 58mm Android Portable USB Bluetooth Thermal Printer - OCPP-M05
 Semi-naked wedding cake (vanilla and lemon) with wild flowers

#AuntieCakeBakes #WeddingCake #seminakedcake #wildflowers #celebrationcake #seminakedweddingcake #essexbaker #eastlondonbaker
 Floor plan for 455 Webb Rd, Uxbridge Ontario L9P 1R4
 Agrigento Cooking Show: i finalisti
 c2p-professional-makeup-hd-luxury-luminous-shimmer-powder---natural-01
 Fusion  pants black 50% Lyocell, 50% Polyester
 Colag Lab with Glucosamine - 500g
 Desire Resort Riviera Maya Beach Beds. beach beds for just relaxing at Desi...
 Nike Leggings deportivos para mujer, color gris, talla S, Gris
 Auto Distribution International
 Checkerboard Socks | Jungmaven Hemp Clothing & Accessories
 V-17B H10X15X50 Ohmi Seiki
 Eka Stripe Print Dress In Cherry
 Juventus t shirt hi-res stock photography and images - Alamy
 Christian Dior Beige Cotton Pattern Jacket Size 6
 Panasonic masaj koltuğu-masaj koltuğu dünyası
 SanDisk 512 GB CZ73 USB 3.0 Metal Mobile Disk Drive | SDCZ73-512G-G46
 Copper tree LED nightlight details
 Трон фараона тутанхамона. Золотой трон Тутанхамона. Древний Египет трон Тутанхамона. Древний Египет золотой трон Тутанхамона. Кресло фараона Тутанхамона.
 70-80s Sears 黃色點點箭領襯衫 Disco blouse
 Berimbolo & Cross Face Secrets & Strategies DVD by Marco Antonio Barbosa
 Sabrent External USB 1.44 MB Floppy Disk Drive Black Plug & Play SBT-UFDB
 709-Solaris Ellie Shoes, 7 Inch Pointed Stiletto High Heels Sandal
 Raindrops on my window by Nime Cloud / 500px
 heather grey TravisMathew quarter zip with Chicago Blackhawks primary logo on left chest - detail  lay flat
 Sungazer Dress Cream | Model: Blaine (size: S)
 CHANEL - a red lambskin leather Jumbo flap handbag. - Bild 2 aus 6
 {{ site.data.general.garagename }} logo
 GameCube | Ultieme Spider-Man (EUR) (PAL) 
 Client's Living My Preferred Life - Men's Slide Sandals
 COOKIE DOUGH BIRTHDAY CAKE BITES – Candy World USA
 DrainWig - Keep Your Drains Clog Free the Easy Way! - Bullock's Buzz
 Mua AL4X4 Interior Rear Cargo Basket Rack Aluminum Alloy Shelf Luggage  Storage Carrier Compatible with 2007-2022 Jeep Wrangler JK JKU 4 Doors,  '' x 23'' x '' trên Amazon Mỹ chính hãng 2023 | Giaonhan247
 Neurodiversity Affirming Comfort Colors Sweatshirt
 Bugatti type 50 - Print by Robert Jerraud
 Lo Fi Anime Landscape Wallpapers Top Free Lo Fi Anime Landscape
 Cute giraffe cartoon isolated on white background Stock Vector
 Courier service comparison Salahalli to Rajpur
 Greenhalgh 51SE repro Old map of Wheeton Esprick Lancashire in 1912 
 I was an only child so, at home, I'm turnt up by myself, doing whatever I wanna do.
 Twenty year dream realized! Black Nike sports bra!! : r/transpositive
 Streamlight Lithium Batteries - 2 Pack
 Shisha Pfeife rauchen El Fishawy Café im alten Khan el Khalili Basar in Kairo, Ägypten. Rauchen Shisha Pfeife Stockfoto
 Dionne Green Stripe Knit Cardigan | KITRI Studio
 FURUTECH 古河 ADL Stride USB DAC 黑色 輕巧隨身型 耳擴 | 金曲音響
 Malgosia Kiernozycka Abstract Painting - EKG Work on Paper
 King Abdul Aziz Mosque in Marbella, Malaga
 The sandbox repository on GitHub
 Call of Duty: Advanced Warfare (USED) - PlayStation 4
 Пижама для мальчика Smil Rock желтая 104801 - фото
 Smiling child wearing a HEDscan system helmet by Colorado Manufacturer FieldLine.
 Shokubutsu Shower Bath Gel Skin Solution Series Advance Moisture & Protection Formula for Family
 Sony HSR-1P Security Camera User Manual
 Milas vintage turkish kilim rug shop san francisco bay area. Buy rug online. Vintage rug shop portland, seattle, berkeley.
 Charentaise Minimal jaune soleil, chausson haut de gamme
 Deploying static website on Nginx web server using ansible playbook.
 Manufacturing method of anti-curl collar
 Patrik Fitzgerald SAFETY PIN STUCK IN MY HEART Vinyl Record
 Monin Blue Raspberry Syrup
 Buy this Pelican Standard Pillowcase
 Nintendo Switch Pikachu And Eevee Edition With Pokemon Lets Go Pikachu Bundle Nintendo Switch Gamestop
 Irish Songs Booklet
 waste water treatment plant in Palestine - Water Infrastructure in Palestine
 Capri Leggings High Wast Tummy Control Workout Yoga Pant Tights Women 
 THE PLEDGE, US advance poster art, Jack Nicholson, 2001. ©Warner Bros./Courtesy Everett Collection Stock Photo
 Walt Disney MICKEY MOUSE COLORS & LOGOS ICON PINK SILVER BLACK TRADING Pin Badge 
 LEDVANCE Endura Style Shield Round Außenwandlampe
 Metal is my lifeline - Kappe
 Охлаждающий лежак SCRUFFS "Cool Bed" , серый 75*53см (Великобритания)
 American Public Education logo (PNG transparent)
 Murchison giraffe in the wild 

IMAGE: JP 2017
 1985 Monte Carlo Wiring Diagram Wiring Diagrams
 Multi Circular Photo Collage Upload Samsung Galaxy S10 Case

→ **Description of the task**
Please transcribe, exactly and with nothing added, the lines from the first line of the material above through the line that contains "Nike Leggings deportivos".

→ **Solution to this problem**
 58mm Android Portable USB Bluetooth Thermal Printer - OCPP-M05
 Semi-naked wedding cake (vanilla and lemon) with wild flowers

#AuntieCakeBakes #WeddingCake #seminakedcake #wildflowers #celebrationcake #seminakedweddingcake #essexbaker #eastlondonbaker
 Floor plan for 455 Webb Rd, Uxbridge Ontario L9P 1R4
 Agrigento Cooking Show: i finalisti
 c2p-professional-makeup-hd-luxury-luminous-shimmer-powder---natural-01
 Fusion  pants black 50% Lyocell, 50% Polyester
 Colag Lab with Glucosamine - 500g
 Desire Resort Riviera Maya Beach Beds. beach beds for just relaxing at Desi...
 Nike Leggings deportivos para mujer, color gris, talla S, Gris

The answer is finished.